- [Task prompt] A verbatim copy of the full data, with no pictures, is the expected answer.

- [Stored data]
---
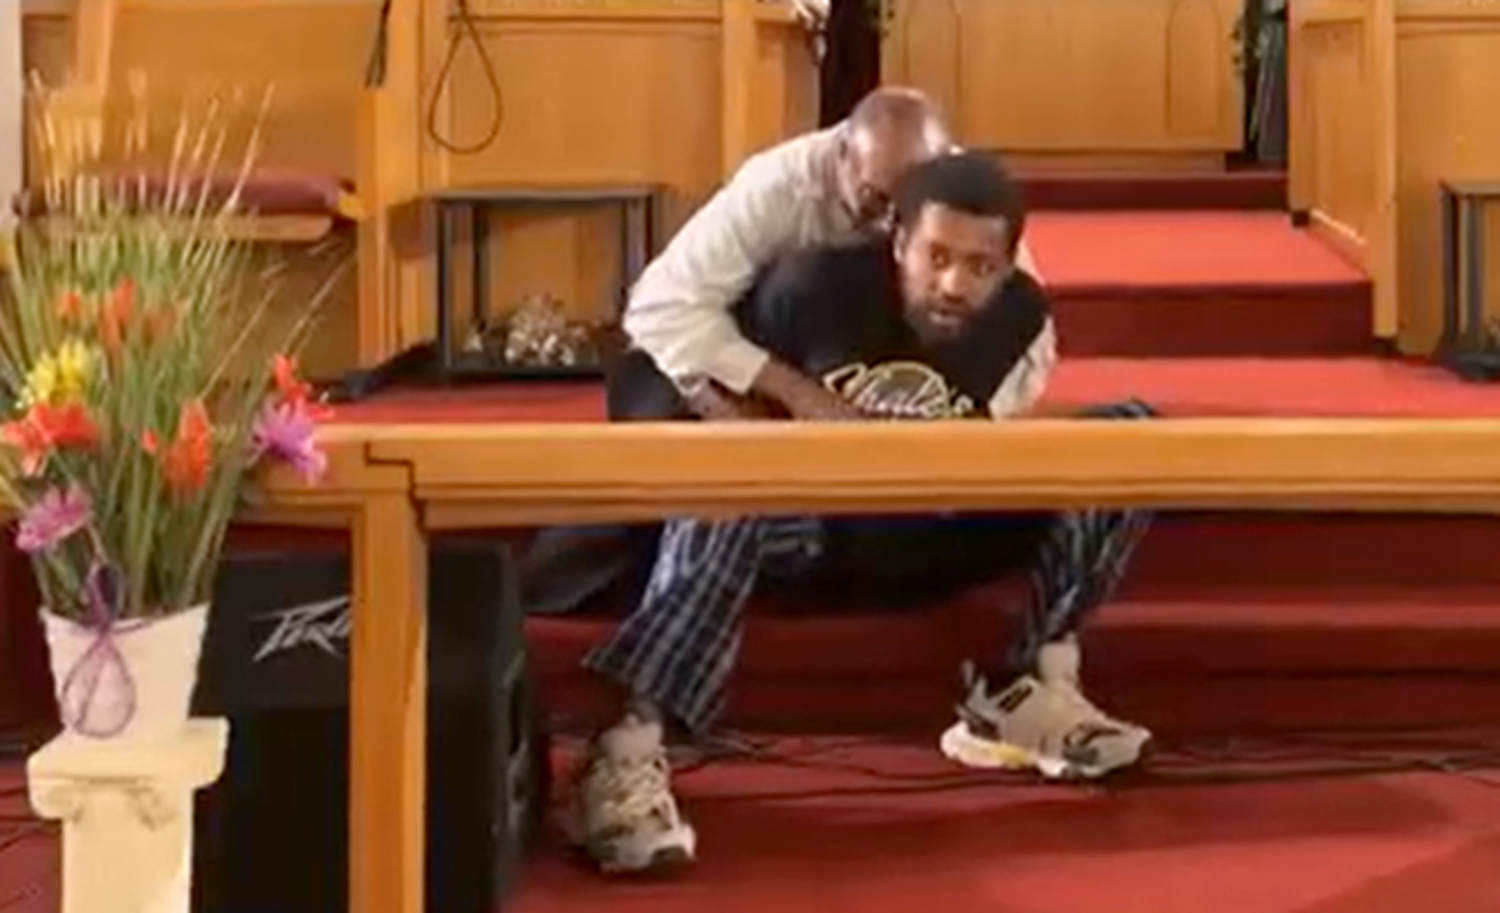 Man who tried to shoot pastor during service livestream is charged in cousin's death that same day
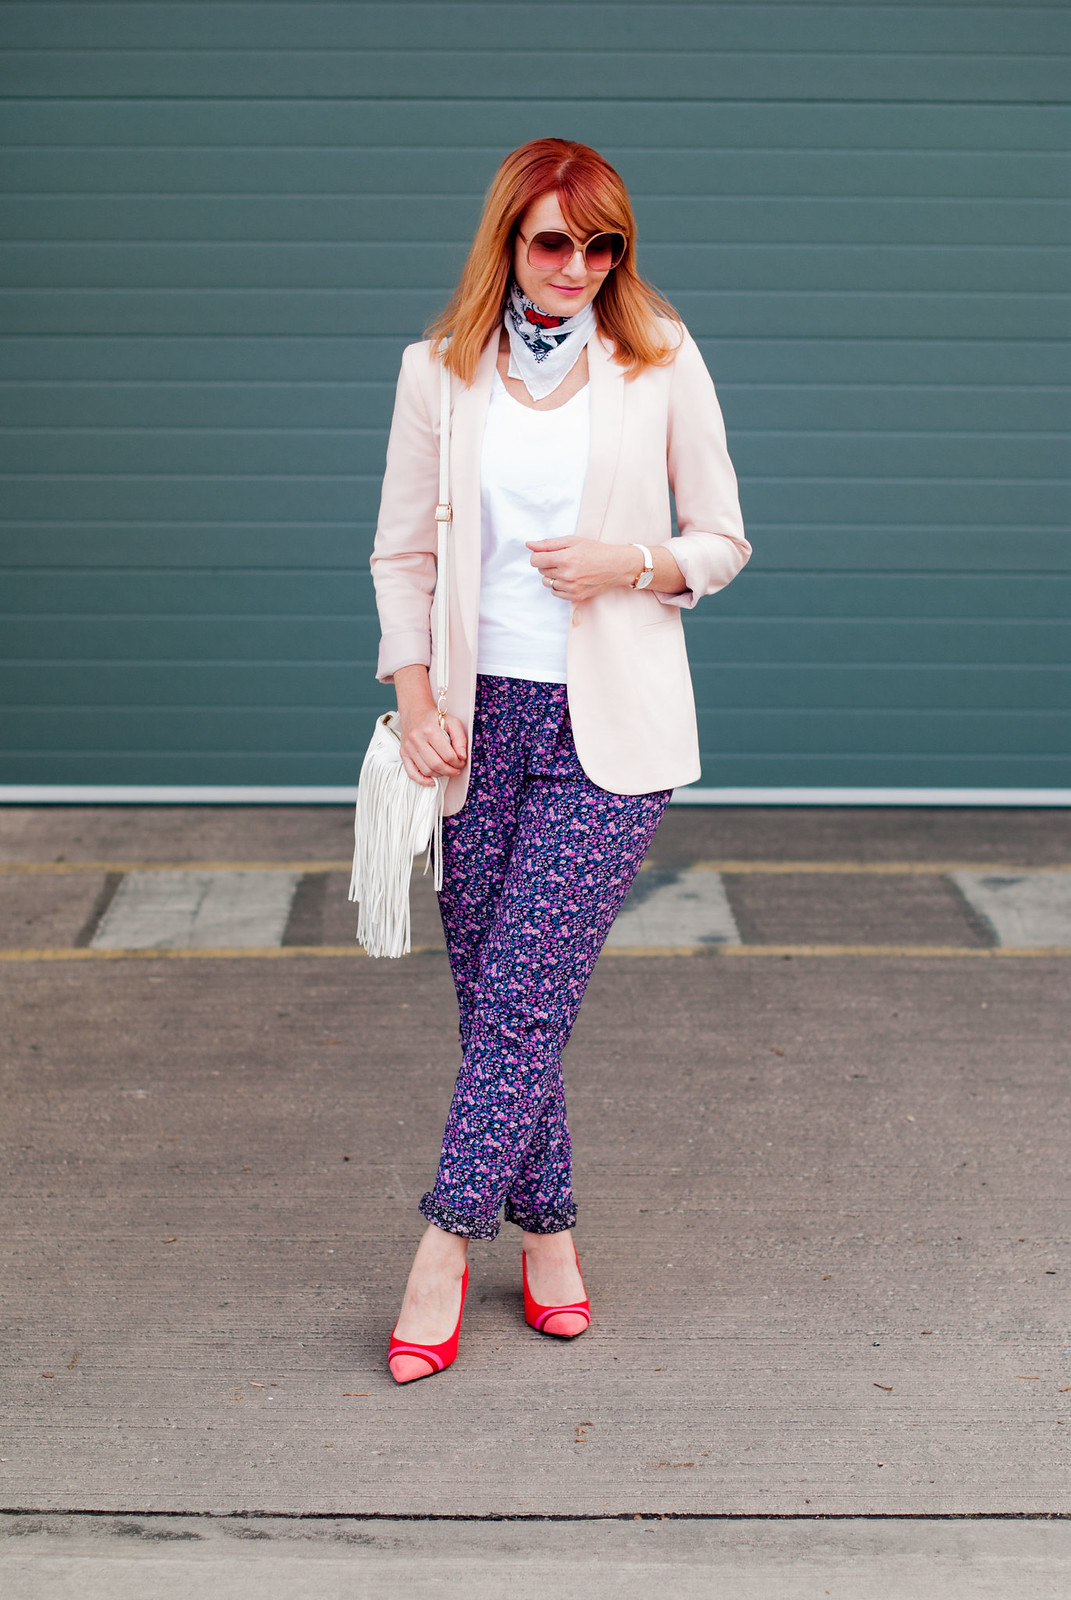 Summer dressing for cooler days: Pale pink blazer loose floral trousers red striped block heel shoes neck scarf white fringe cross body bag | Not Dressed As Lamb, over 40 style
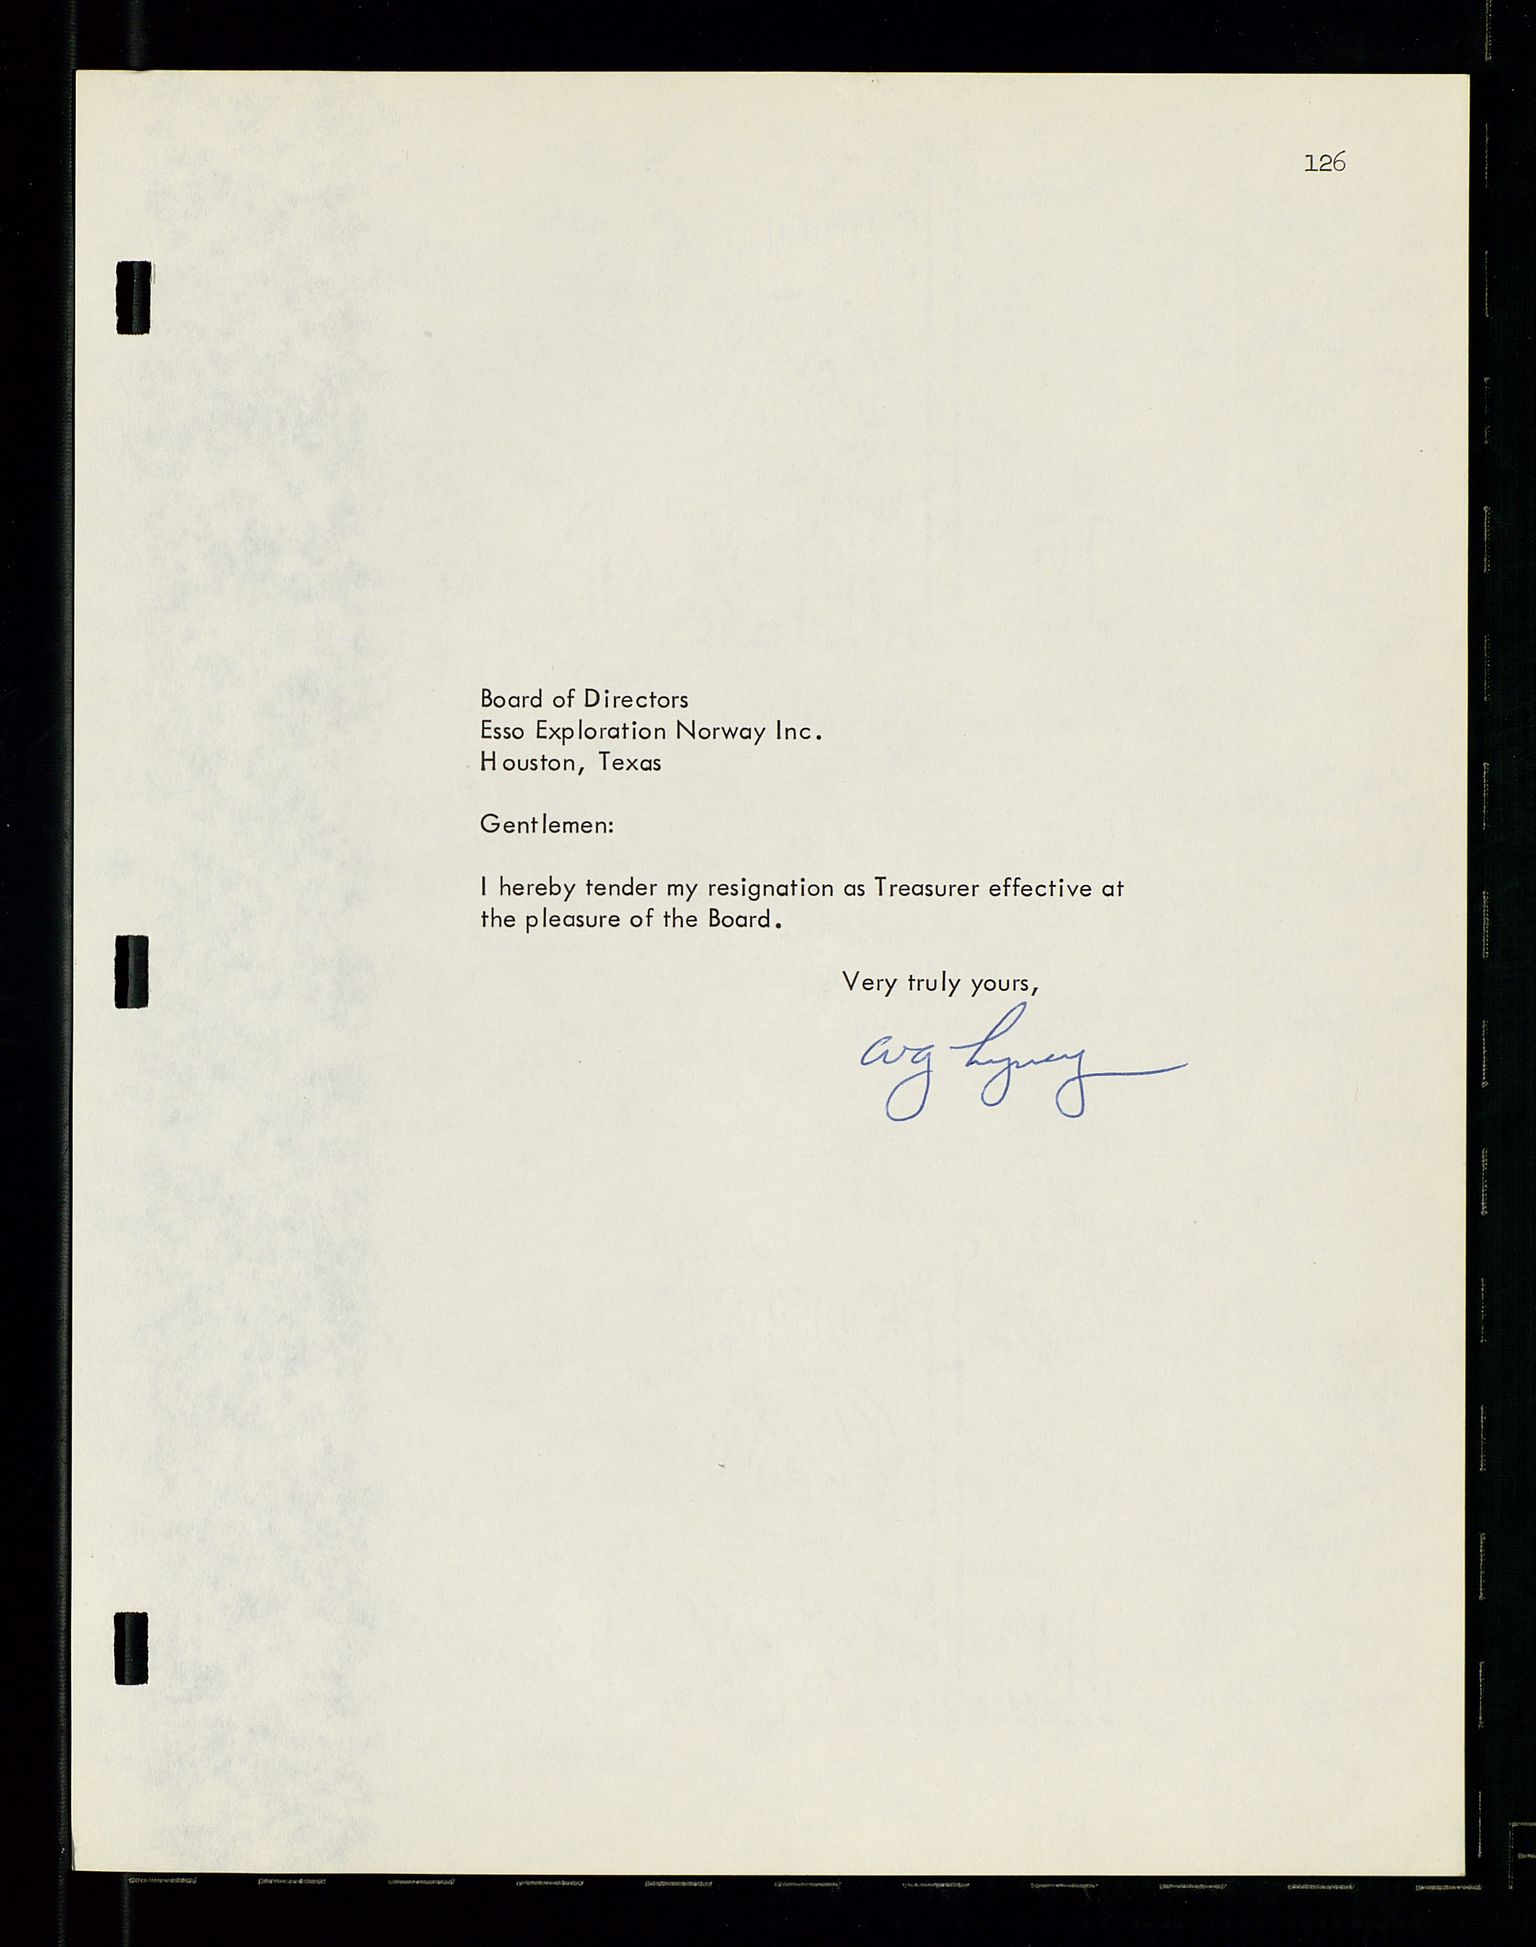 Pa 1512 - Esso Exploration and Production Norway Inc., SAST/A-101917/A/Aa/L0001/0001: Styredokumenter / Corporate records, By-Laws, Board meeting minutes, Incorporations, 1965-1975, s. 126
---
- [Answer area]
 Man who tried to shoot pastor during service livestream is charged in cousin's death that same day
 Summer dressing for cooler days: Pale pink blazer loose floral trousers red striped block heel shoes neck scarf white fringe cross body bag | Not Dressed As Lamb, over 40 style
 Pa 1512 - Esso Exploration and Production Norway Inc., SAST/A-101917/A/Aa/L0001/0001: Styredokumenter / Corporate records, By-Laws, Board meeting minutes, Incorporations, 1965-1975, s. 126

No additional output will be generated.